People in a Room (3): The Last Brunch?

Le chéri, l’aîné et le cadet sont rassemblés avec moi autour de la table au petit déjeuner. C'est que l'heure est grave.

«Bon, alors, voilà le topo, dis-je. L’idée, c’est une grande totale. Donc on ouvre sur Cora qui est dans le parc...» Je joins le geste à la parole en écartant la cafetière et le sucrier pour qu’on voie bien la scène. Je précise encore: «Cora est en tenue de jogging et elle a un rencart secret avec Jorge. Elle fait les cent pas en l'att...» «Dis, ils l’ont déjà fait, Cora et Jorge?», m'interrompt malicieusement Anke en surgissant des croissants. «Je me pose la même question», dit Paolo, qui tape dans les viandes froides, à cheval sur un quartier de tomate. Je fronce sévèrement les sourcils pour qu'ils me laissent poursuivre mon exposé: «Donc Cora fait les cent pas, dis-je avec un regain d'autorité dans la voix. Elle a envoyé un SMS hot à Jorge, elle en peut plus mais se sent vachement coupable aussi, enfin, le truc classique. Mais au moment où Jorge se pointe et où Cora se prépare à courir vers lui, paf, il y a Julie et Marc qui déboulent et qui lui disent avec des tas d’exclamations Ah ben ça alors! Cora! Allez viens, on va jogger tous les trois! Si, si, si! Et Cora ne sait pas comment se dépatouiller, parce qu’elle ne peut pas leur dire Lâchez-moi la canne, j’ai rencart avec mon amant

«Héhé!, clame triomphalement Anke. Tu dis 'amant'. Donc c’est qu’ils l’ont fait, non?» «Elle veut dire 'amant' au sens large, corrige Isabel en soulevant précautionneusement le couvercle de la cafetière. N'est-ce pas, ma chérie?» «Euh, ouais», dis-je, éberluée, en la regardant exécuter un saut de l'ange dans le café. «Quelqu'un peut me passer le sucre?», roucoule Isabel du fond de la cafetière. Le chéri lui tend distraitement le sucrier et enchaîne, comme si de rien n'était: «Donc Cora est obligée de les suivre?» Je mets trois secondes à reprendre mes esprits: «Euh... Elle fait la gueule, bien sûr. Mais ce qu’elle ne remarque pas, c’est que Julie envoie en douce un SMS à Chantal, genre jorge out! Et là, on enchaîne sur Chantal et Patrick qui sont à une terrasse et qui exultent: leur plan a fonctionné et…» «Attends, attends, fait Juan, perché en haut de la carafe de jus d’orange. C’est quoi, le plan?» J'en reviens pas! En plus, je me justifie: «Ben que Cora puisse pas glisser sur la pente savonneuse de l’adultère…» «Et tu penses sérieusement que ça va l’arrêter si elle a envie de se le faire? demande Sean, surgi du pot de miel et qui se pourlèche les doigts, l'air sardonique. Franchement, il faut un plan autrement plus perfide que ça. Genre Jorge est Chilien en situation irrégulière et Sam a décidé d’aller le dénoncer à la police des étrangers. Ou alors de payer des mecs pour qu’ils lui cassent la gueule et…» «Mais t’es malade ou quoi?», interjette Lumi, en lui flanquant un coup de couteau à beurre sur la tête.

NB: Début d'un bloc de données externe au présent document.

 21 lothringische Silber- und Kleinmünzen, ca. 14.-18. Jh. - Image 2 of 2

Je veux leur intimer de se tenir tranquilles en tapant du poing sur la table, mais le cadet me coupe le sifflet entre deux aspirations de cacao à la paille: «Il pourrait pas y avoir un super-héros qui casserait la gueule à Jorge?», suggère-t-il. «Ouais!», renchérissent Mati et Leo, en surfant sur une cascade de rice crispies qui s'abat sur le plancher. «Ça y est, soupirent bruyamment de conserve Tuula, Marion et Tessa, qui exécutent de gracieuses arabesques au Nutelle sur leur tranche de tresse. Les garçons et leurs idées, faut toujours que ça finisse comme Sam Ku Kai…» «Ouais, ben en attendant, c’est toujours moins nul que Hannah Montana!», assène l’aîné en postillonnant la bouche pleine. Je veux lui dire de la fermer quand il mastique et leur rappeler à tous que c'est moi qui raconte l'histoire, mais Paolo me pique du salami dans mon assiette et objecte: «Ce que je capte pas, c’est pourquoi Sam est pas au courant. Au fait, t'as pas des œufs? Je m'ferai bien un p'tit coque, là...»

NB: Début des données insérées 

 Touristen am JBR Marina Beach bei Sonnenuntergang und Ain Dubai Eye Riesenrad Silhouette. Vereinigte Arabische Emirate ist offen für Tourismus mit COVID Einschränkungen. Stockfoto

Je scrute la scène, le boxon phénoménal sur la table et leurs visages interrogateurs, un à un, tandis que le chéri me souffle: «C’est limite envahissant, ce matin, non?» Il a raison. Alors d'un geste preste, je dégaine ma Boîte Chambreuse planquée derrière le toaster, je les rafle tous autant qu'ils sont, avant qu'ils aient eu le temps de dire ouf, et je les fourre dedans séance tenante, en dépit de leurs protestations – avant de lancer la Boîte à Kormann par-dessus les röstis: qu’il se démerde.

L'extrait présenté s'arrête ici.